Why pointing out the need for constructive critism in a music forum equals with agressivity in your mind is beyond my comprehension. I typing my comments usually with stoic calmness. If you refer to calling people a jerk yes i call everyone a jerk who not trying to help just throw rubbish at others instead. 

If a painter on a painter forum asks for help to make his painting better, and people would comment his work like "thats garbage", "make it better", "this looks like my dog's poop" i hope you understand that it wouldnt help a lot. Why? Because terms like "garbage", "better", "good", "best", "shit" are totally subjective and can mean various things from person to person. 

Pointing out the errors simply is not enough to be constructive, because it's the easiest part. Elaborating in detail what to do in a step by step way is much more useful (even if sometimes it's simply not possible to give that detailed answer, like EQ is also a personal thing). 

Kauffman at least made a mockup himself and showed me what he was referring to in his comment. I think that's the easiest was to show someone something because sometimes words are not enough and can be VERY confusing when it comes to describing music accurately. That's why I encouraged others to do the same. 


Trumpoz:

I can easily play all instrument parts from my keyboard and record it since i play the piano for 15+ years now. That's not a problem. The problem is that i have to realize that even when i tried to record it something totally accurately to my DAW (Reaper), i had to realize that the playback wasnt accurate enough because of a bit latency here and there (I think I use WASAPI in Reaper now and it shows a 20ms latency).

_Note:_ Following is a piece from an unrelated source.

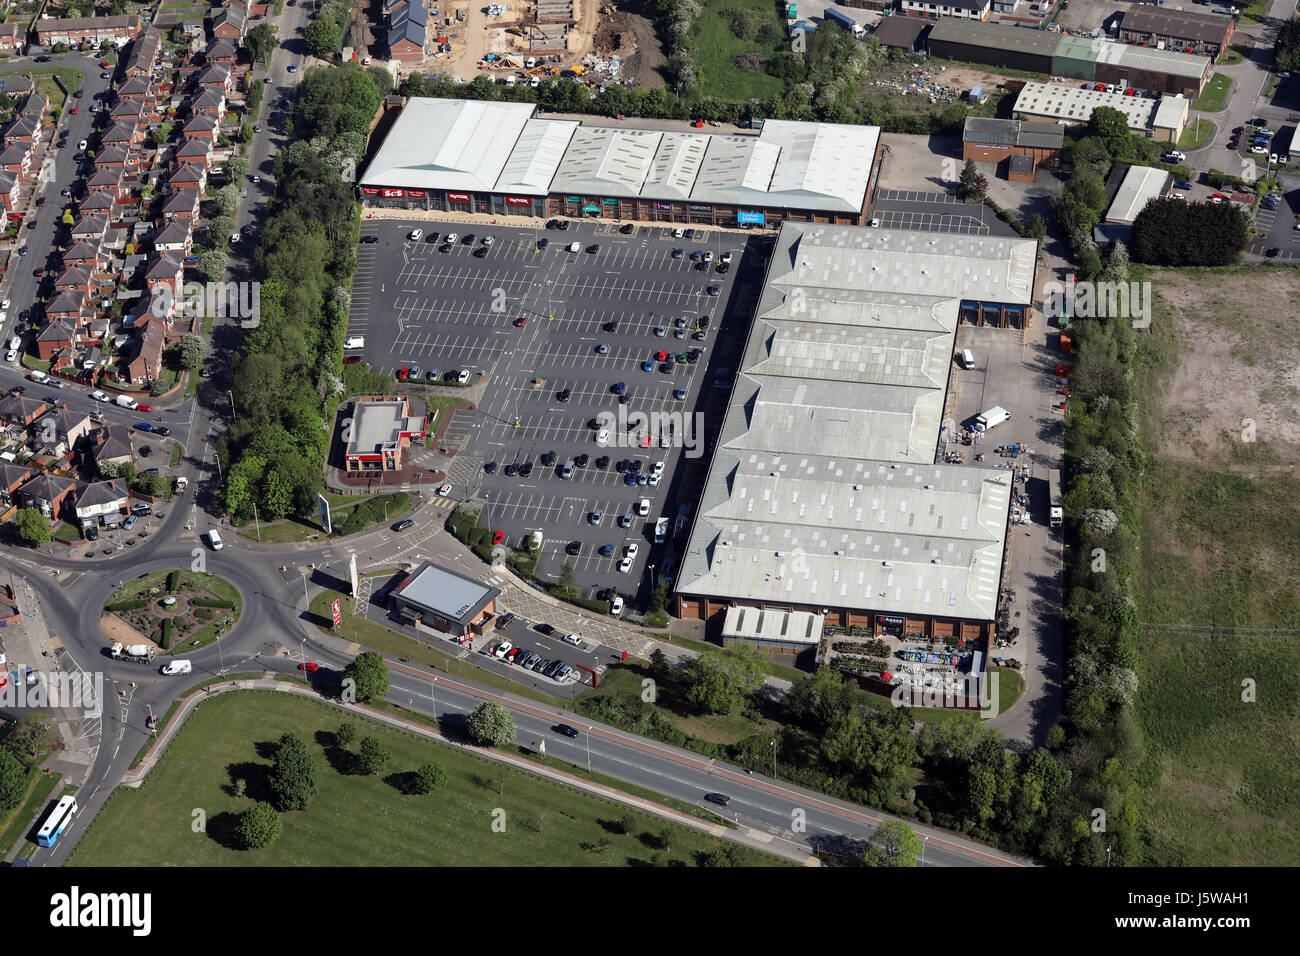 Vue aérienne de la centrale Darlington Retail Park, Royaume-Uni Banque D'Images
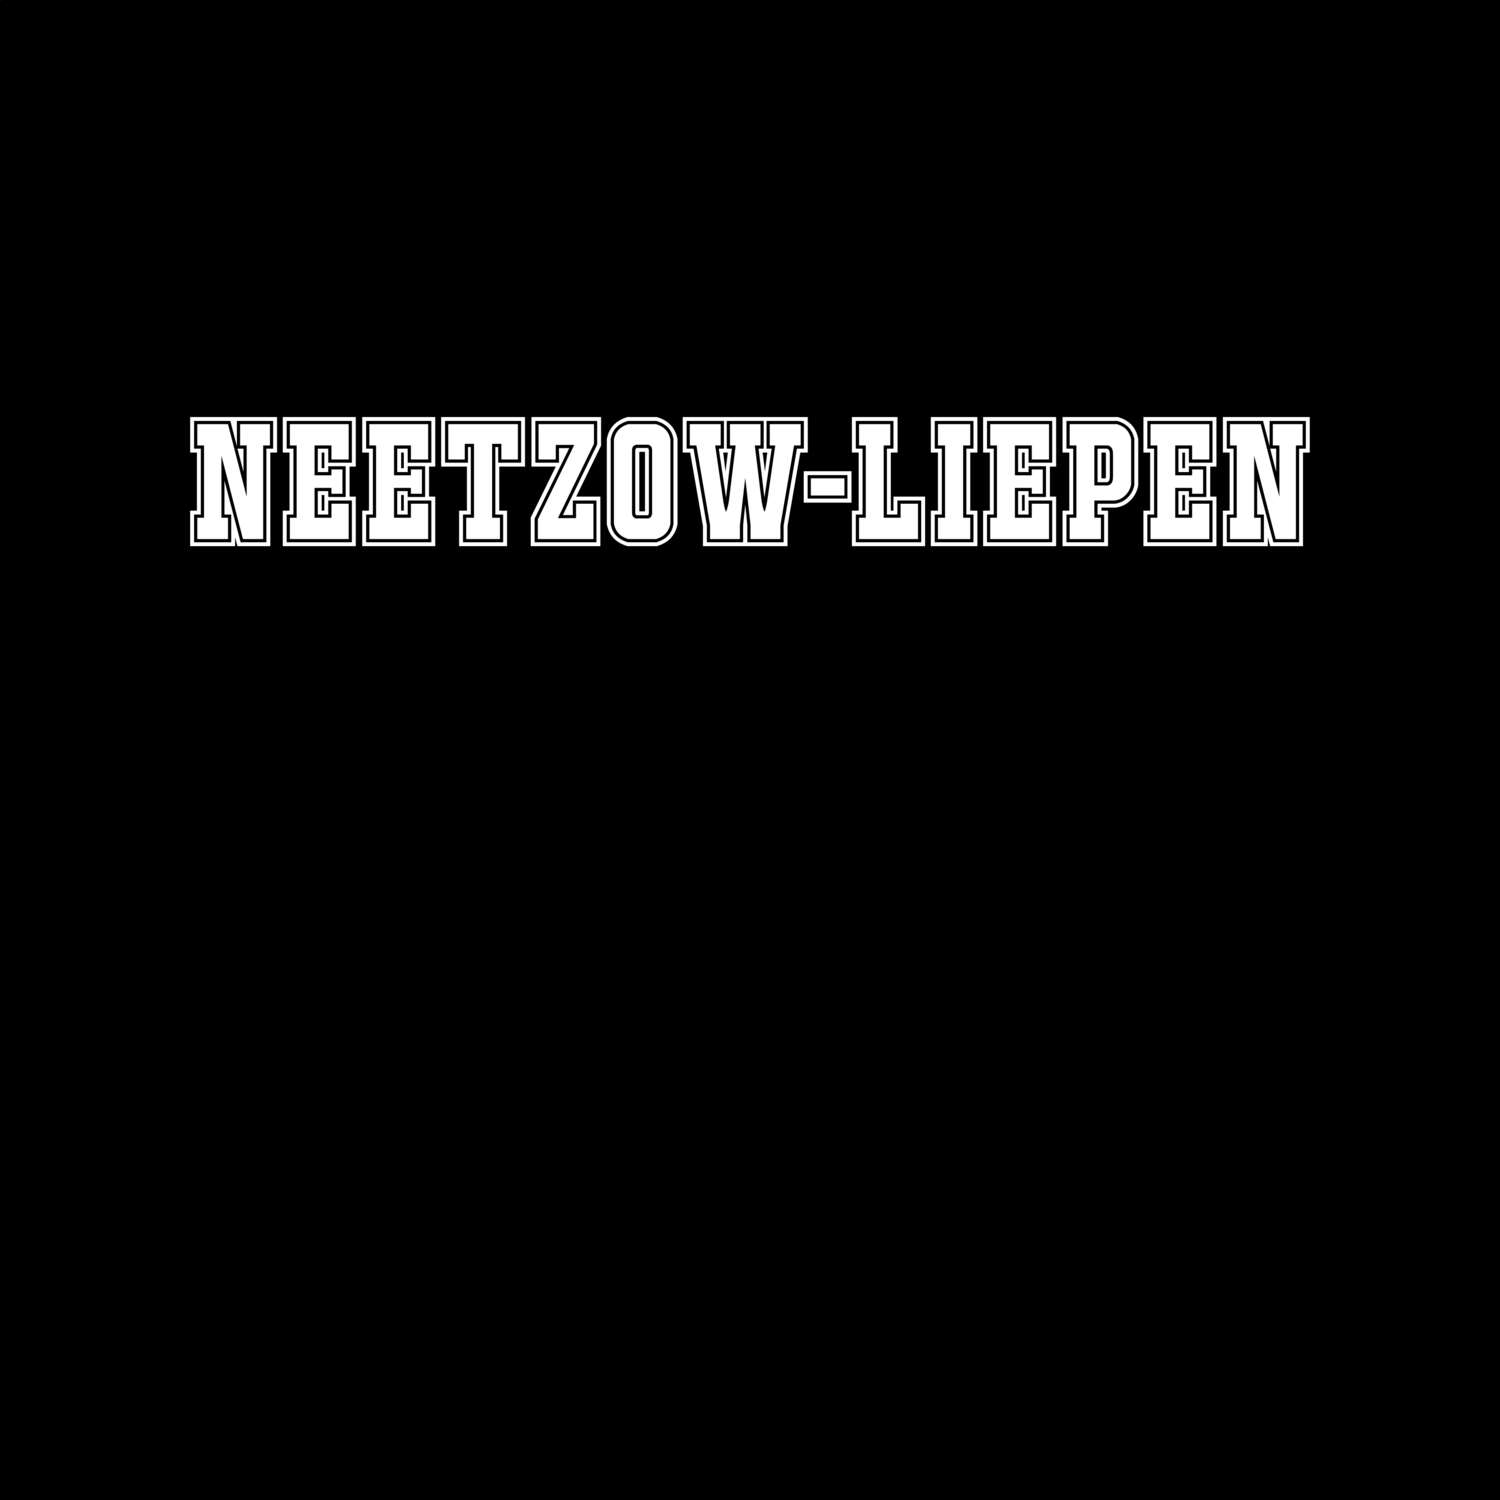 Neetzow-Liepen T-Shirt »Classic«

The problem is this in a nutshell:

"Your performance will be captured exactly as you played it, and will also play back exactly the same, but since you hear jittery timing when actually playing, it makes it more difficult to play consistently in the first place.
This (as I explained in detail in SOS September and October 2002, in 'The Truth About Latency') is because most sequencers effectively quantise incoming MIDI data before sending it 'live' to a soft synth or sampler. The synth's output is calculated for each audio buffer and then sent to your audio interface to be heard, and the most common way of doing this is to process all relevant MIDI data (both already recorded in the track, and any 'live' data that you're currently playing) before starting to process the next audio buffer.
Unfortunately, most sequencers choose not to calculate any offsets within the next buffer relating to 'live' MIDI data — they just quantise them all to the nearest buffer boundary, and rely on the buffers being short enough to mask unwanted rhythmic artifacts. The main reason they do this is to keep every note's MIDI latency as low as possible, but at the expense of extra jitter.
For instance, if you play regular 16th notes at 120bpm, each note will occur at an interval of 125ms, but when a soft synth is played 'live' through an audio interface with a buffer size of 5ms you'll perhaps hear them with spacings such as 125ms, 125ms, 125ms, 130ms, 120ms, 130ms, 125ms and so on, where occasional notes get shoved into adjacent buffers. For most people this is still scarcely audible, but if you raise the buffer size to 20ms then you might hear a string of 'live' notes emerging with spacings of 120ms, 120ms, 120ms, 140ms, 120ms, 120ms, 140ms and so on: the 'granularity' has increased. "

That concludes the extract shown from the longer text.